::: Data block

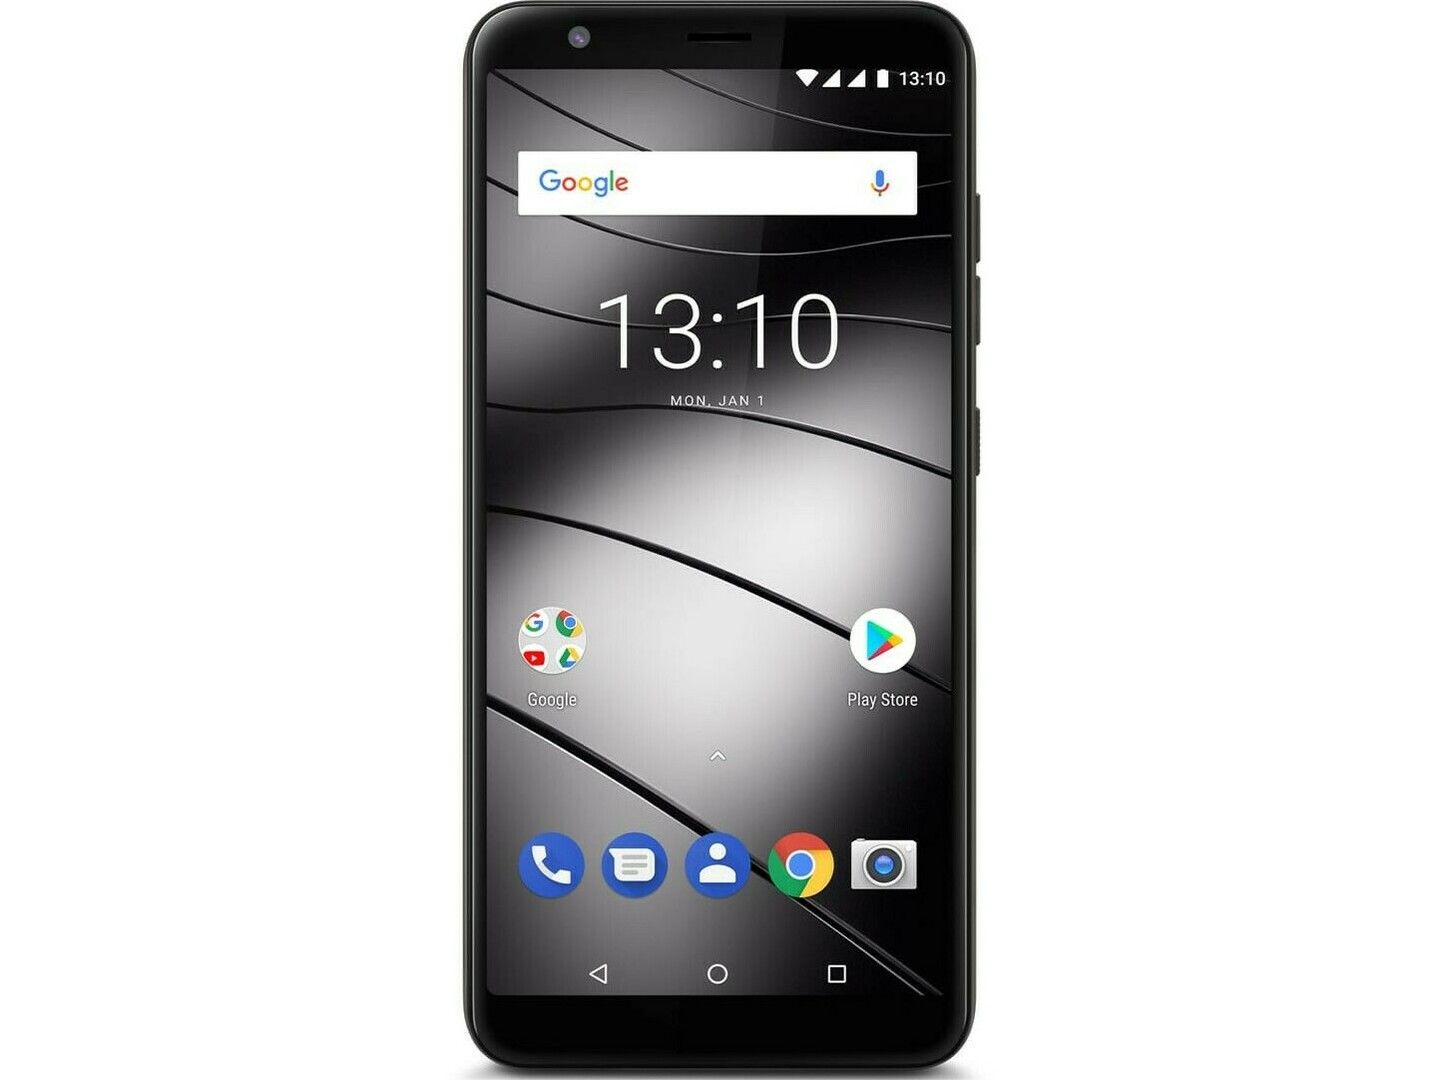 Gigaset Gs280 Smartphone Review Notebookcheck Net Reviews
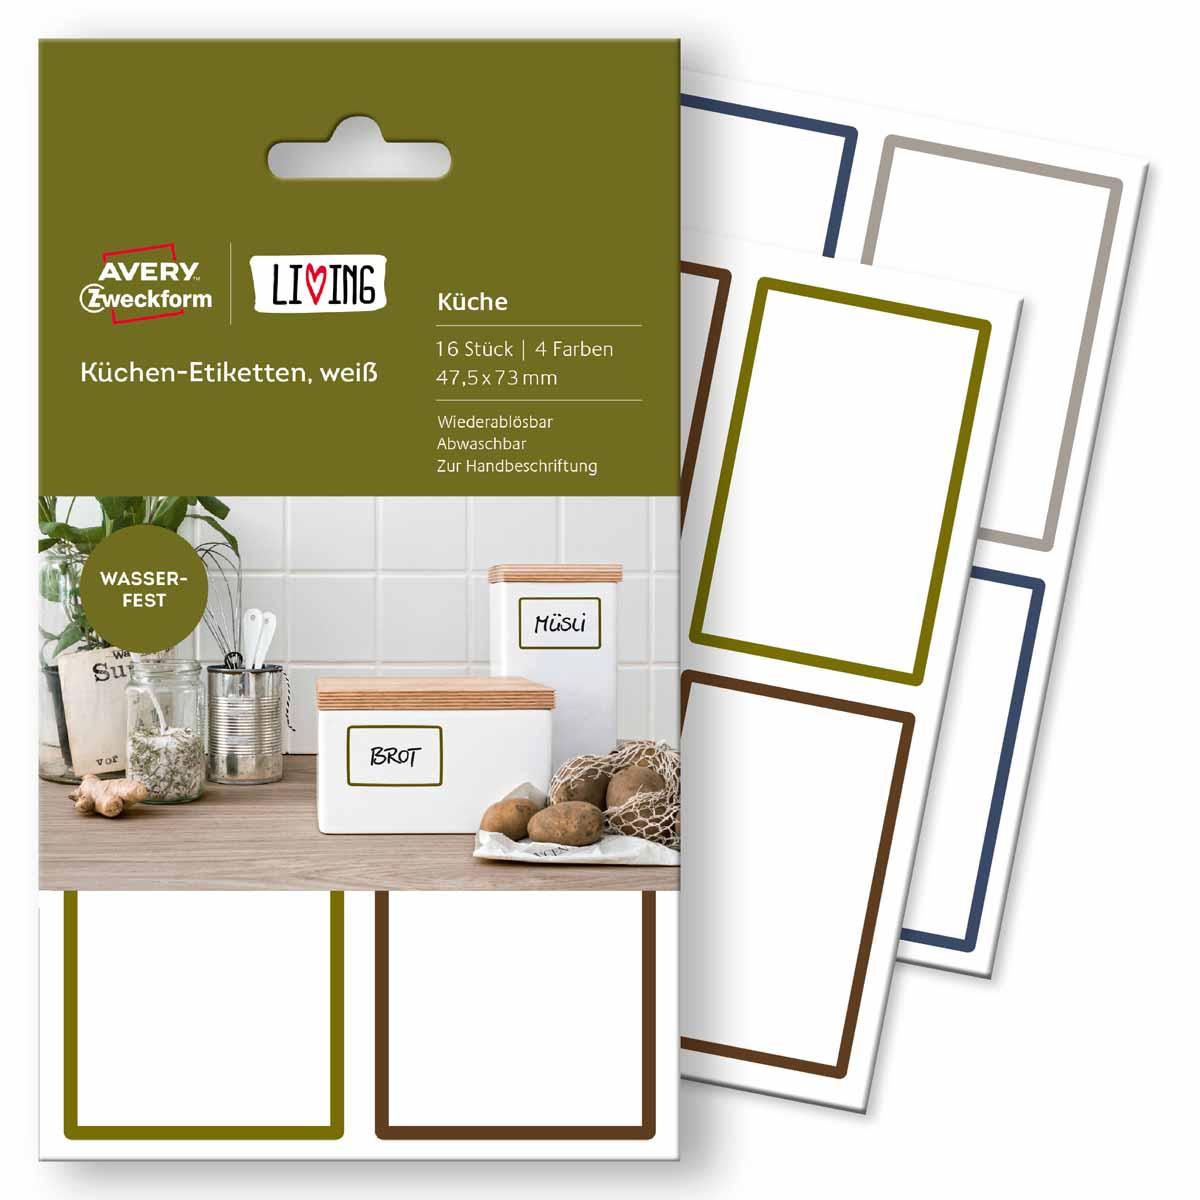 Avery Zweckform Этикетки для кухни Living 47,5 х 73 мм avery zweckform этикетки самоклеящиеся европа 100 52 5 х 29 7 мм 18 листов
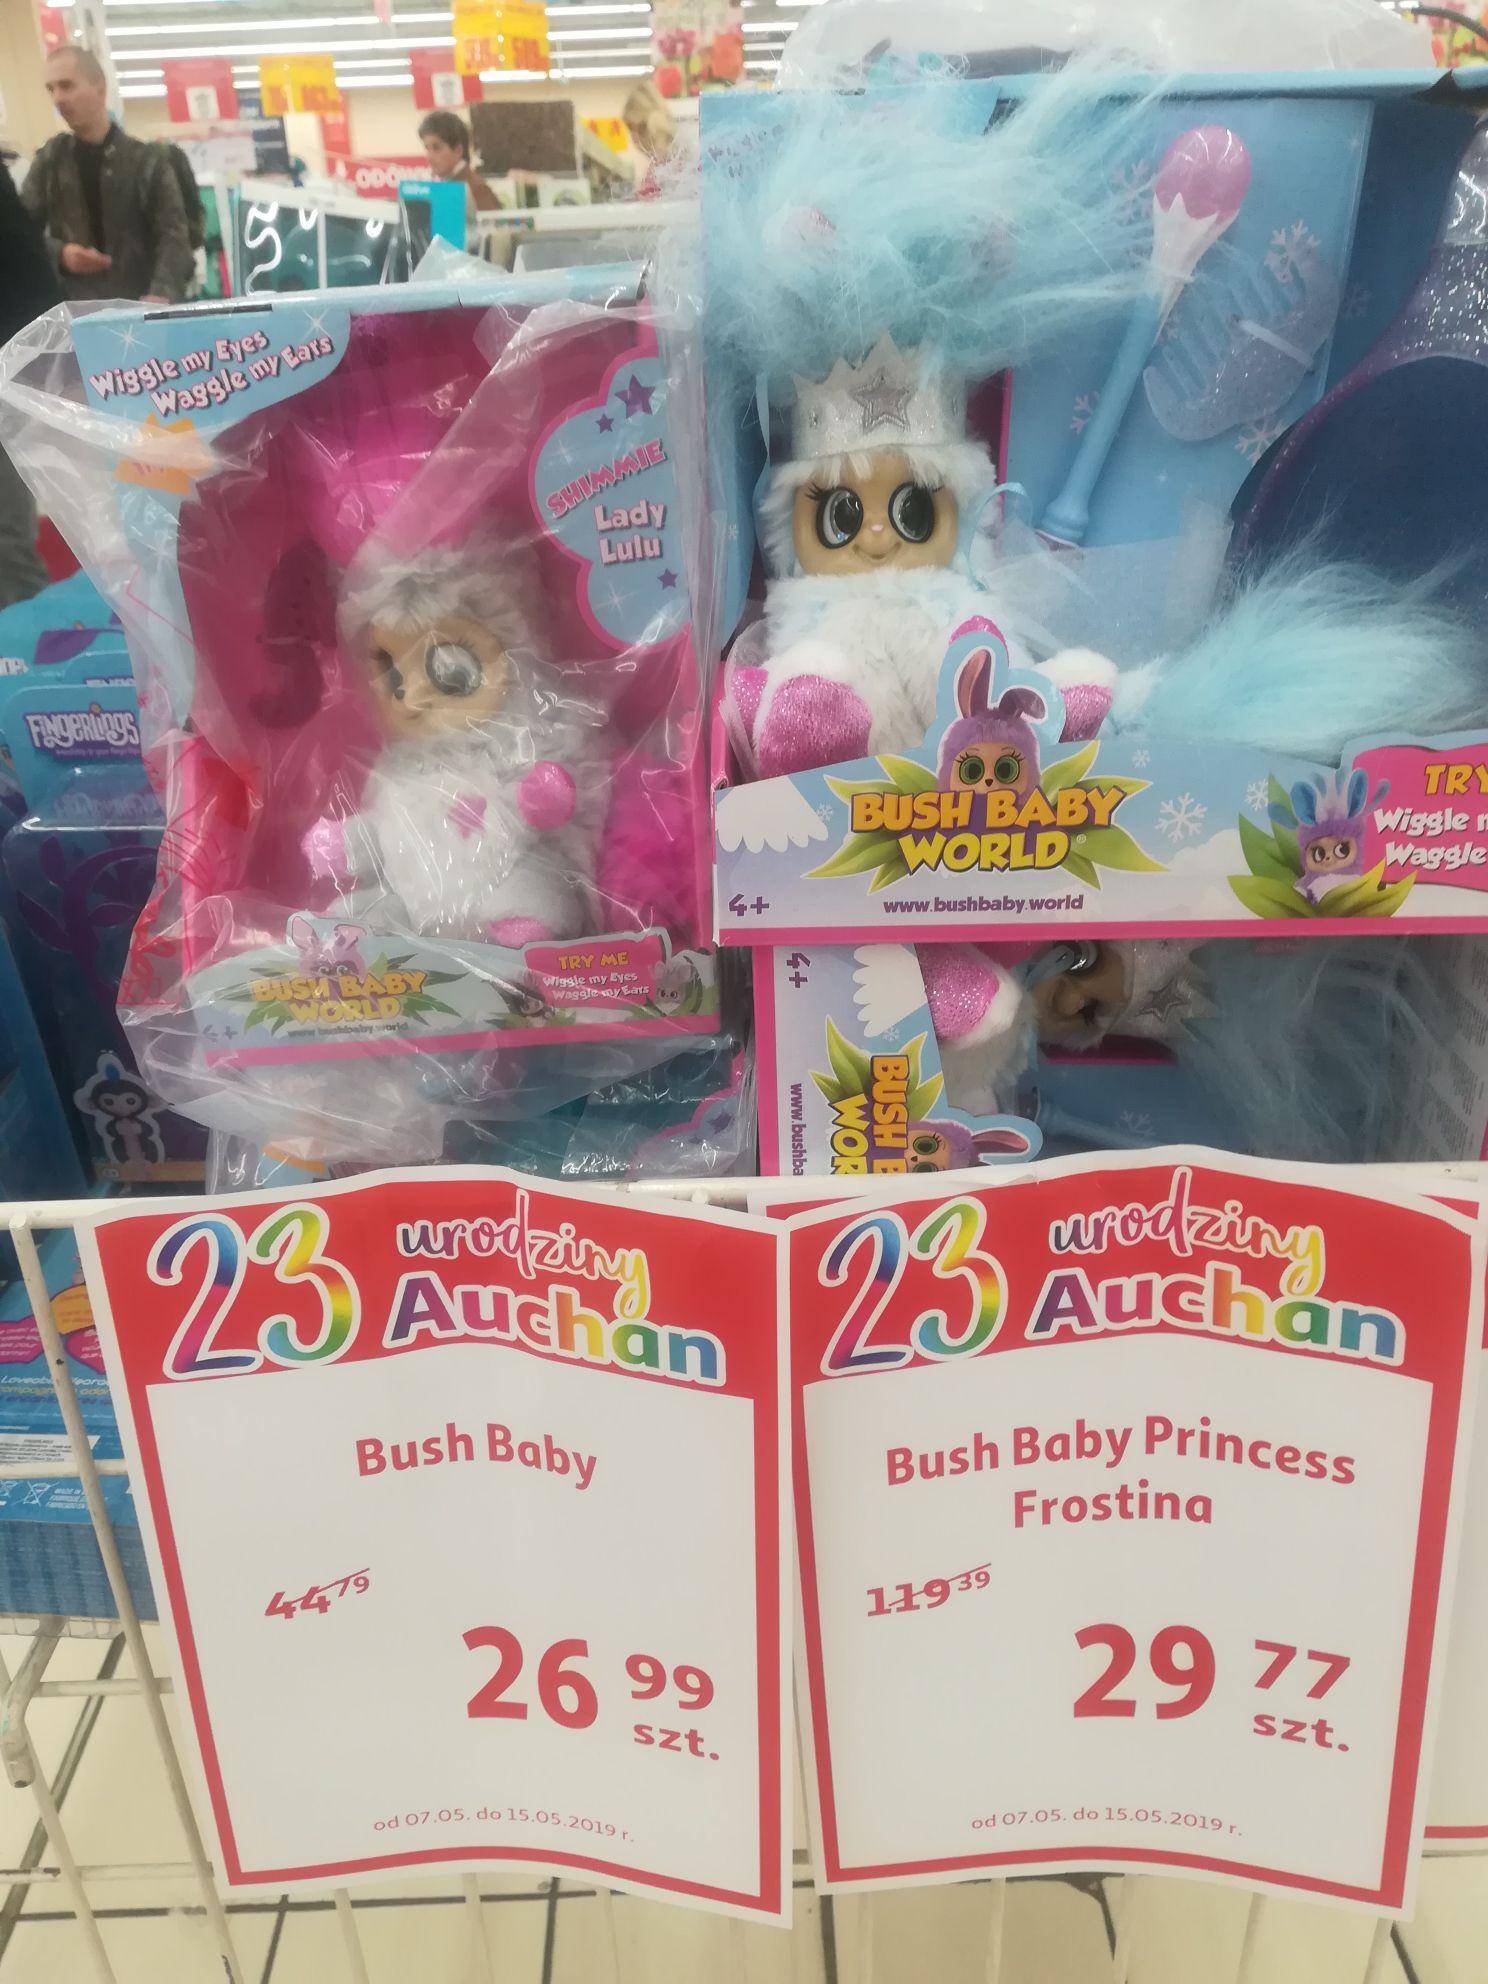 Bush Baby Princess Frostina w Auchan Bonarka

::::::

The expected answer is the data retyped exactly, without pictures.

 Gigaset Gs280 Smartphone Review Notebookcheck Net Reviews
 Avery Zweckform Этикетки для кухни Living 47,5 х 73 мм avery zweckform этикетки самоклеящиеся европа 100 52 5 х 29 7 мм 18 листов
 Bush Baby Princess Frostina w Auchan Bonarka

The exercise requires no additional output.